27/06/2005

Salvador

Morreu no sono, de 22 para 23 últimos, o senhor do restaurante onde sempre almoço quando estou em Leiria. Os filhos vão garantir a continuidade do negócio. Quem diz negócio, diz vida. Os filhos do defunto hoteleiro vão continuar a vida. Sempre assim foi, sempre assim será.
O conhecimento da morte daquele homem chegou-me no último dia de 2001. Um dia como outro qualquer para se reconhecer a mais antiga das notícias: a da morte. Ainda assim, simbólico: último dia, passagem, futuro, certeza, incerteza.
A última vez que o vi vivo foi pouco antes do Natal, festa que ele já não viveu. Era de compleição miúda, tisnada, atenta e obrigada.
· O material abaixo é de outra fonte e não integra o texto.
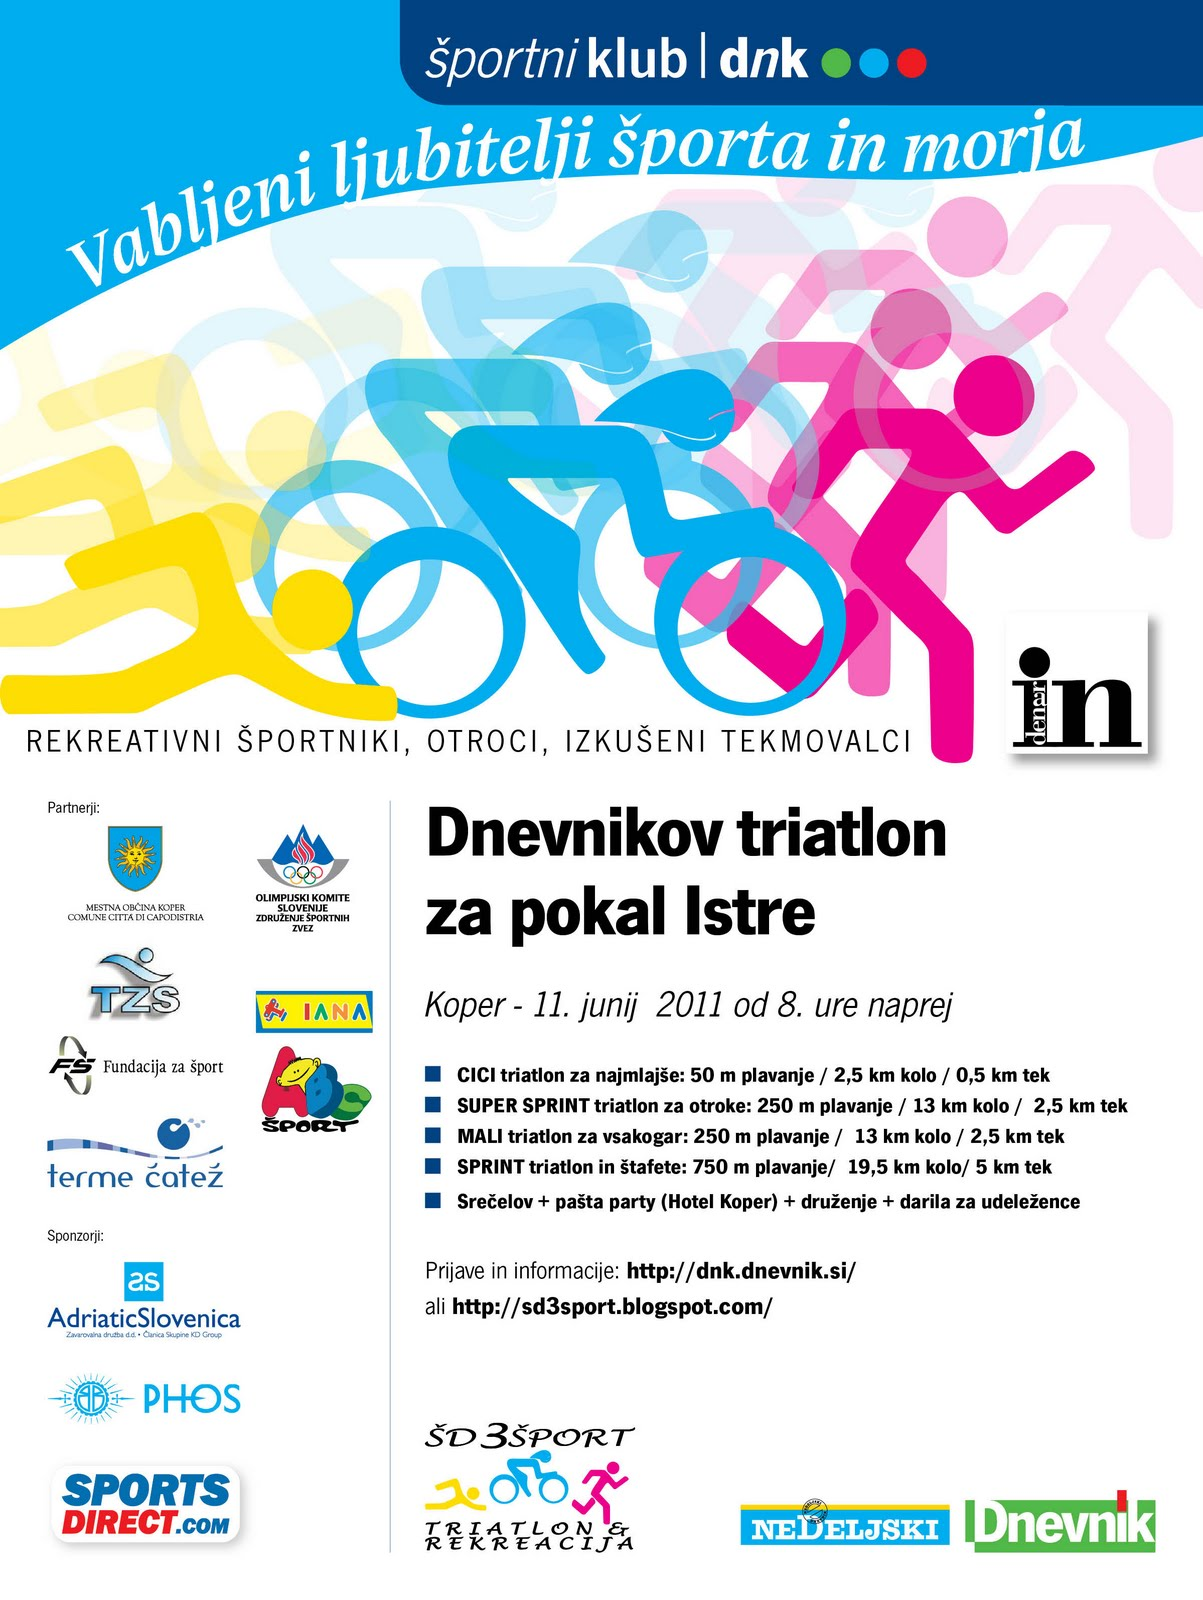 DNEVNIKOV TRIATLON ZA POKAL ISTRE  /  TRIATHLON ISTRIA CUP 2011

Tinha unhas antigas e amarelecidas pelo sal das décadas. Olhava como quem reconhecia.
Mandei vir alheira (só com arroz) e pedi a um dos filhos que me esclarecesse as circunstâncias do passamento. “Tranquilamente”, disse-me. Ao balcão, observei o lado de lá, onde ele reordenava o pequeno e circular mundo de meias doses, sobremesas e azeitonas. Notei a ingratidão material dos objectos, que, também eles, teimam em sobreviver ao dono.
Chamava-se Salvador e era do Sporting. Foi pai dos filhos e pai de amigos em hora de necessidade. Está guardado no interior da terra. Se hoje aqui deixo isto escrito, por outra coisa não é que pela necessidade de lhe agradecer a maneira como, com um olhar, reconhecia o cliente. E por dizer sempre “boa ideia”, fosse o que fosse que escolhêssemos para comer.
Boa ideia, digo eu, foi o senhor ter existido.